И вот поезд замедляет ход, за каждым вагоном – толпа военных. Бегом, не отставая, сопровождают свою дверь. Но мы действовали сплоченно. Пробились к поручням, втолкнули наверх двоих, начали передавать чемоданы. Шатает толпу у дверей. Шапки, шинели, погоны. На вытянутых вверх руках проплывают вещи над головами. Вот и мой чемодан поплыл. Он приметный, скручен крест-накрест зеленым телефонным кабелем, чтоб не раскрылся. Под верхом дверного проема вижу, как встал мой чемодан торчком, качнулся и ушел в темноту. Мелькнуло на миг лицо проводника, что-то он там кричал. Ну – все. А с одним вещмешком за плечами уж как-нибудь.
Когда поезд тронулся, вагон был набит битком. Прежде всех дел закурили. Вещи теперь никуда не денутся: двери закрыты, окна и с той и с другой стороны забиты наглухо. Покурили, отдышались, начали разбирать, где чье. У одного раскрылся чемодан. Спешно сгребает в него на полу, мешая всем. И еще я пошутил некстати: мой не раскроется, мой только если за ручку взять и унести целиком. Но что-то действительно чемодана нет и нет. «Не может быть, – заверяют меня. – Никуда не денется…» И я согласен. Однако – нет. Спрашивают у меня, спрашивают друг друга: «Это какой? Зеленым телефонным кабелем перекручен?» И – радостно, будто нашел: «Так я его видел!»

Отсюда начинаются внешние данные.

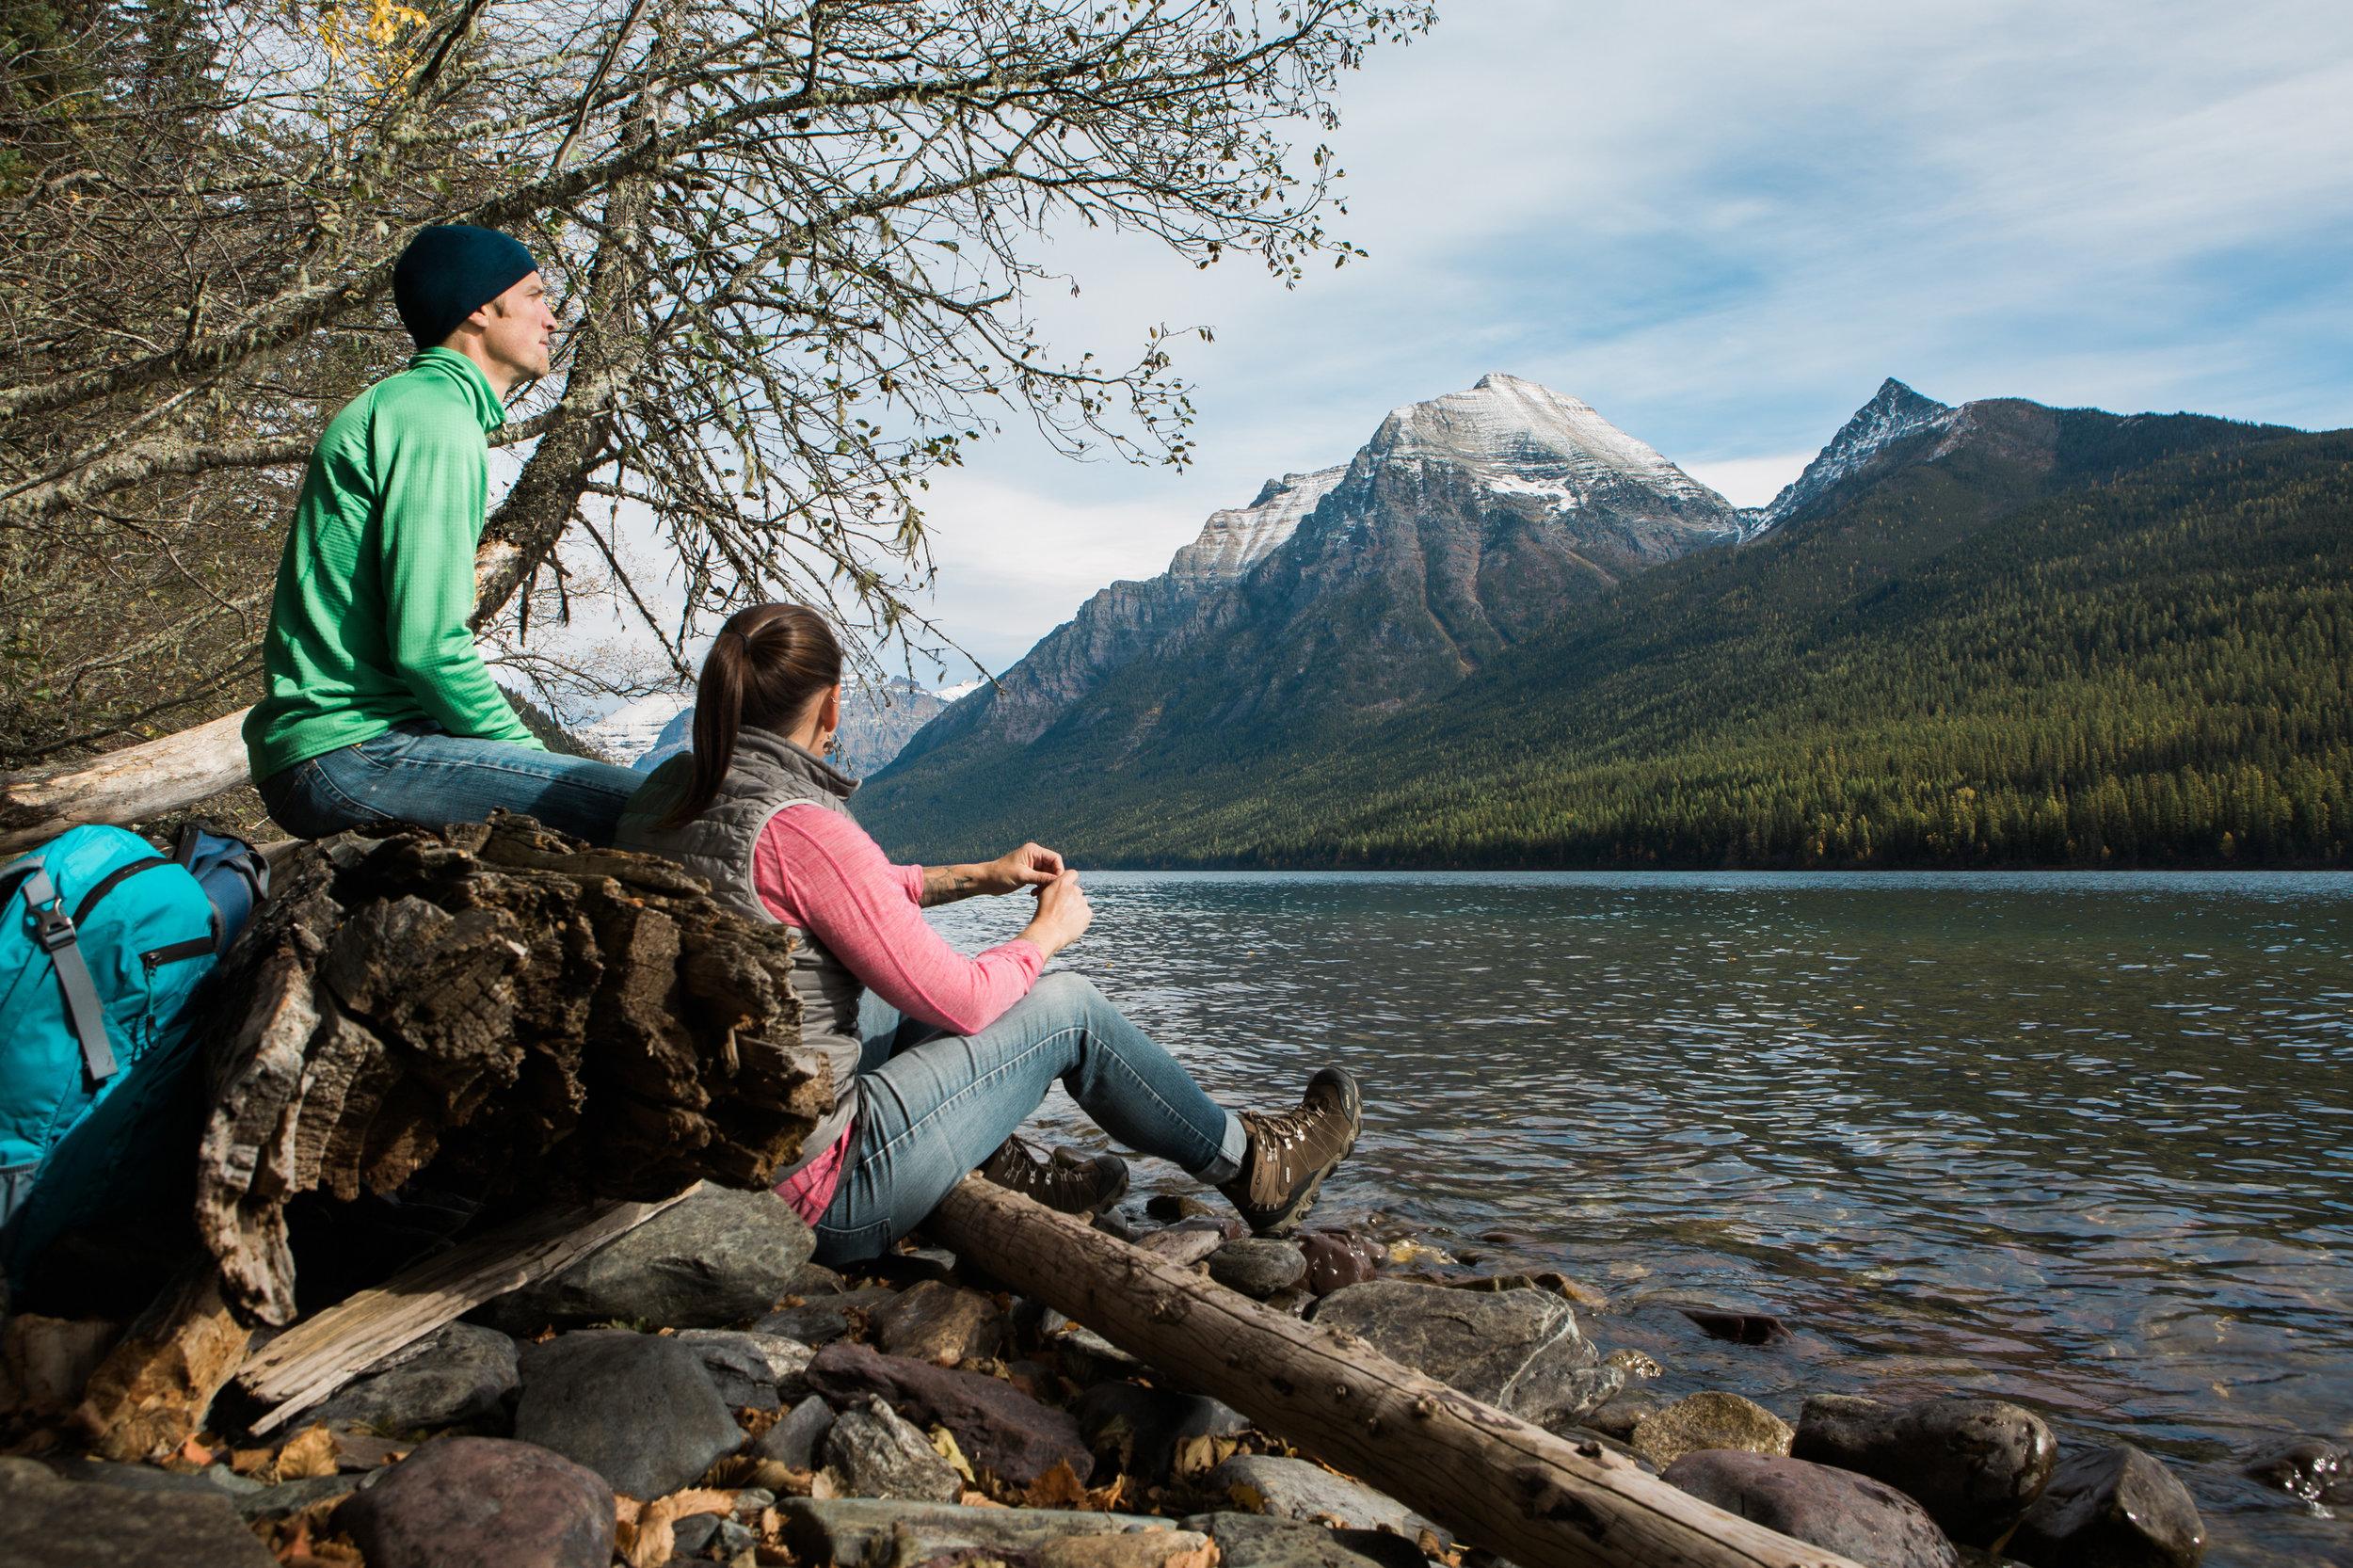 CindyGiovagnoli_Glacier_National_Park_Montana_mountains_lake_fall_autumn_road_trip-027.jpg

Ищут всем вагоном, уже ходят смотреть на меня, уже начинают сочувствовать, а это совсем плохо. Одним неловко: он передавал, у него цело, а мой девался куда-то. Кто-то, наоборот, умным себя почувствовал: вот у него не пропало. И от этого всеобщего внимания самого себя стыдно. Ты одурачен и ты же самого себя стыдишься.
Сильней всех волнуются мои однополчане, кто стоял в дверях, принимал вещи: через их руки шло, они чувствуют себя ответственными. «Пойдем проводникам морды бить!» Купе проводников перевернули вверх дном, те охотно помогали – нет нигде. И окна не открывались. И из вагона никто не выходил. И – нет. А поезд разогнался, стучат, стучат колеса, Киев далеко позади. Одни с войны едут, другие, как шакалы, перехватывают их в пути. И такое зло жжет, сюда бы их сейчас! Не вещей мне жаль, обидно! Но и вещи – тоже, бурки один раз надел, походил по полу. Но еще больше жаль мне маленькие бурочки, брату их вез. Он – сын моей младшей тетки Фриды, она так похожа лицом на покойную мою маму – и лицом, и характером, – такая же терпеливая. Самые терпеливые те, кого жизнь много обижала ни за что, а им и постоять за себя было невозможно и за них постоять некому.
Убедился: нет чемодана, обыскали все, а продолжаешь думать, ищешь мысленно, здесь он где-то, не можешь избавиться. Вижу, как он качнулся в тамбуре на руках чьих-то, будто показал себя в последний раз, и поплыл. Знать бы, что уплывет…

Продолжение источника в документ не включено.